The Study: A superb study concerning the cardiac calcium score was published in December 2007 in the Archives of Internal Medicine. It looked at about 3600 women aged 45 to 84 who were considered to be at low risk of heart disease (less than 10% chance in the next decade) according to the Framingham Risk Score. That score is based upon the person’s age, gender, total cholesterol, HDL cholesterol, systolic blood pressure, and cigarette smoking. All the women also had a cardiac calcium score obtained through a CT scan that measures the accumulation of calcium in the coronary arteries in the heart. Calcium only infiltrates damaged areas of the blood vessel wall, and is believed to be a good proxy for the presence of noncalcified cholesterol deposits (soft plaque) as well. The purpose of this X-ray test is to see if we can identify people who are at higher risk of heart disease than we would expect based upon the the typically measured risk factors just mentioned.

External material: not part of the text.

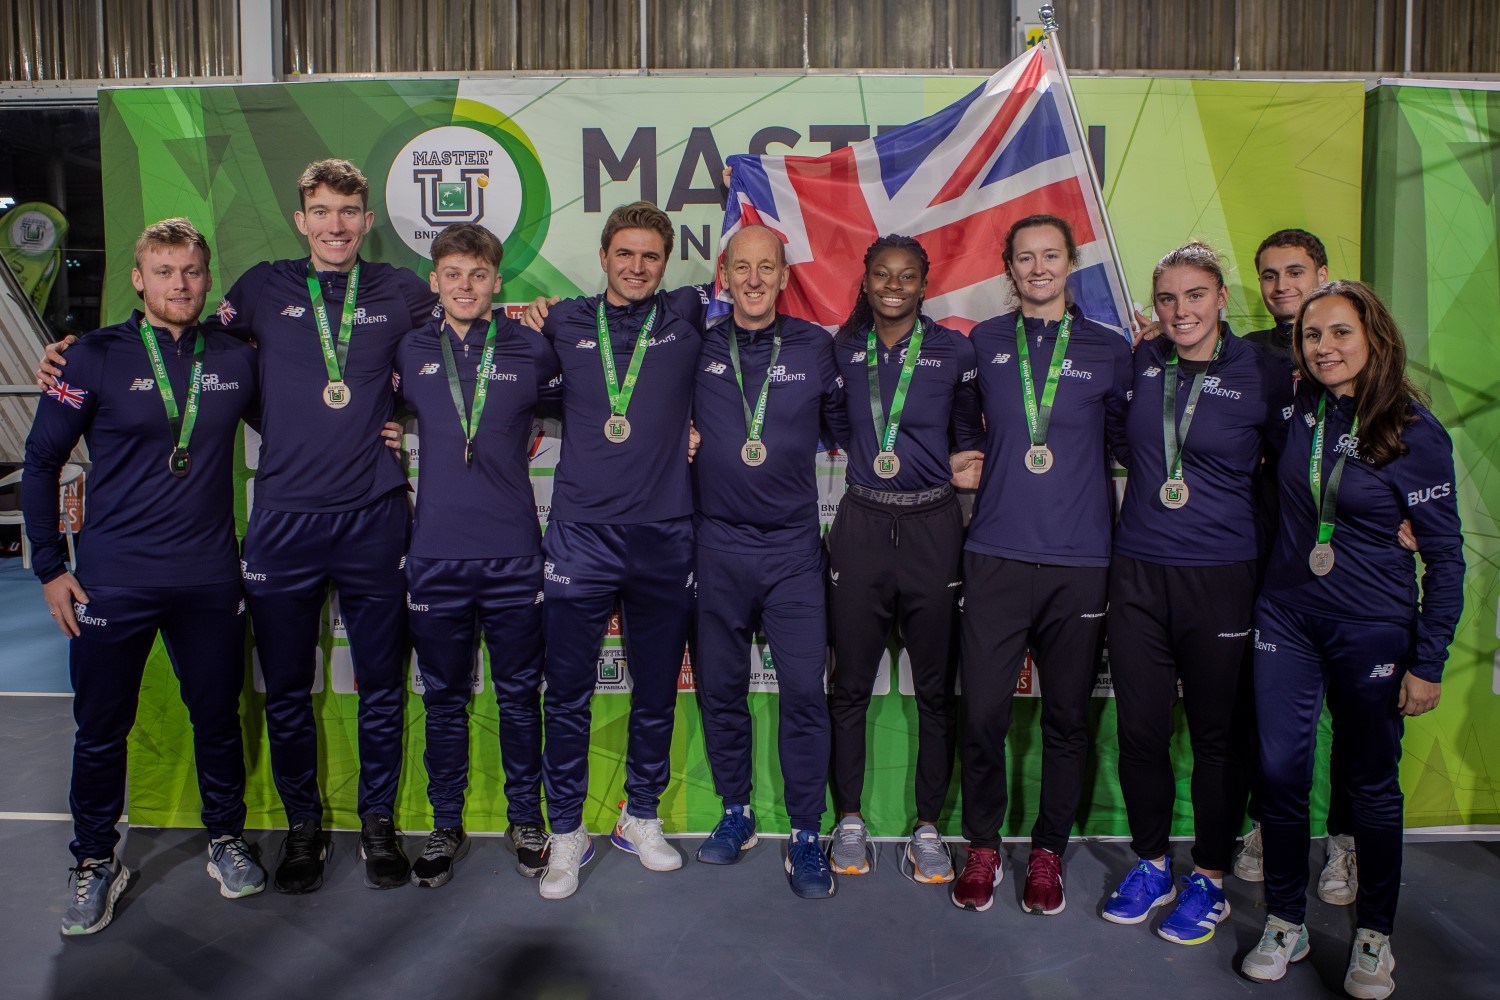 A group of people dressed in dark blue tracksuits stood arm-in-arm with medal around their necks. There is a British flag on the wall behind them

The Results: The women were followed for almost four years. Two-thirds showed no cardiac calcium, 22% had a small amount, 6% had a moderate amount, and 4% had a substantial amount (a calcium score over 300). Relatively few cardiac events occurred (these were low-risk women). But 7 of 24 events (about 30%) occurred in the small group (4%) of women who had calcium scores over 300, a rate about 22 times higher than the women who had no coronary calcification. Women with lesser amounts of cardiac calcium (0-100 or 100-300) had somewhat increased rates (about fivefold) of heart problems, but not nearly so striking. In effect, the calcium score identified a small subgroup of women who were thought to be at low risk of active heart disease, but who in fact were at moderate to high danger over an extremely relevant time period of well under a decade.
What Does This Mean? This study is one of the first to show that the cardiac calcium score truly provides early warning of serious heart disease and can be more accurate that the basic risk evaluation using blood pressure and cholesterol values. It means we can identify women (and men) who should be offered aggressive risk management (including medication for cholesterol, blood pressure and diabetes control) rather than just prodded to improve their life style.
As a practical matter, I have been recommending the cardiac calcium score for about three years and have encountered several handfuls of women and men who had unexpectedly high scores and with whom we adopted a much more intensive therapeutic approach. This study strongly supports that strategy.